▼▼▼

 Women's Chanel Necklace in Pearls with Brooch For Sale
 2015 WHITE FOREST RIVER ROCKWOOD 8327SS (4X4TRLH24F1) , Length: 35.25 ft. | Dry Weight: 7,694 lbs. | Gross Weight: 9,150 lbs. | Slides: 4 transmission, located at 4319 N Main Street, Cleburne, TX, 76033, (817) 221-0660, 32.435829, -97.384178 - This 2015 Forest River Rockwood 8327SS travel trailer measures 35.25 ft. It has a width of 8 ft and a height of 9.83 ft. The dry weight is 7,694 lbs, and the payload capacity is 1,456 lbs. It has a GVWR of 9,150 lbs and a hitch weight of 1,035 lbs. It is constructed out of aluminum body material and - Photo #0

▲▲▲
▼▼▼

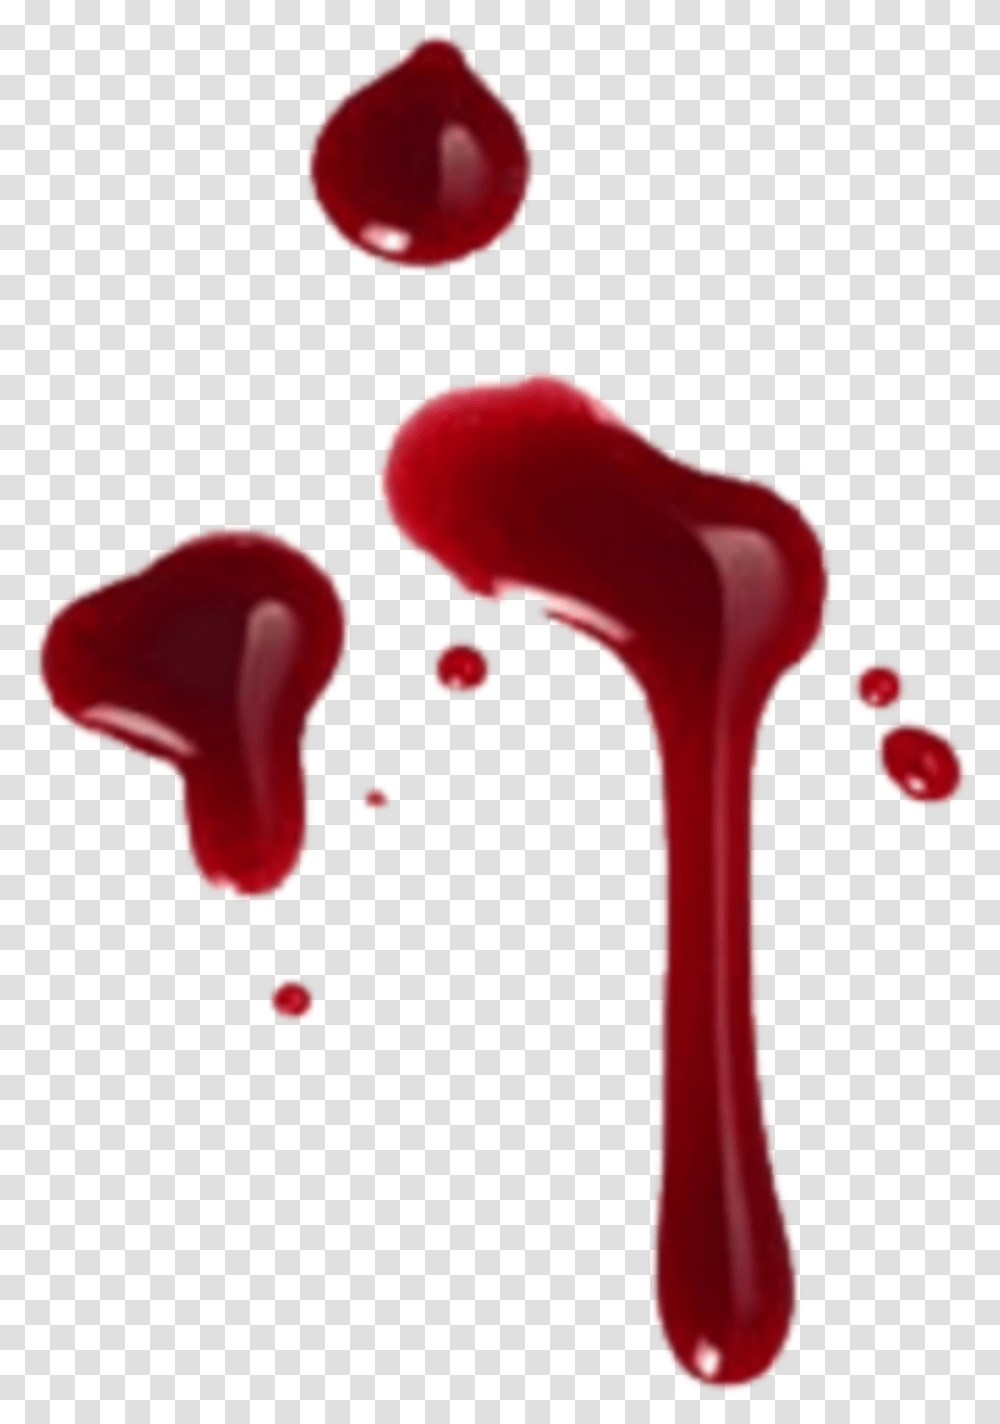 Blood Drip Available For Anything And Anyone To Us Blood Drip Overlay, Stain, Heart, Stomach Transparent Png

▲▲▲

**Problem to solve:** The line above containing "Women's Chanel Necklace", the line containing "2015 WHITE FOREST", and every line between them are to be transcribed exactly; no other line is wanted.

**Task response:**
 Women's Chanel Necklace in Pearls with Brooch For Sale
 2015 WHITE FOREST RIVER ROCKWOOD 8327SS (4X4TRLH24F1) , Length: 35.25 ft. | Dry Weight: 7,694 lbs. | Gross Weight: 9,150 lbs. | Slides: 4 transmission, located at 4319 N Main Street, Cleburne, TX, 76033, (817) 221-0660, 32.435829, -97.384178 - This 2015 Forest River Rockwood 8327SS travel trailer measures 35.25 ft. It has a width of 8 ft and a height of 9.83 ft. The dry weight is 7,694 lbs, and the payload capacity is 1,456 lbs. It has a GVWR of 9,150 lbs and a hitch weight of 1,035 lbs. It is constructed out of aluminum body material and - Photo #0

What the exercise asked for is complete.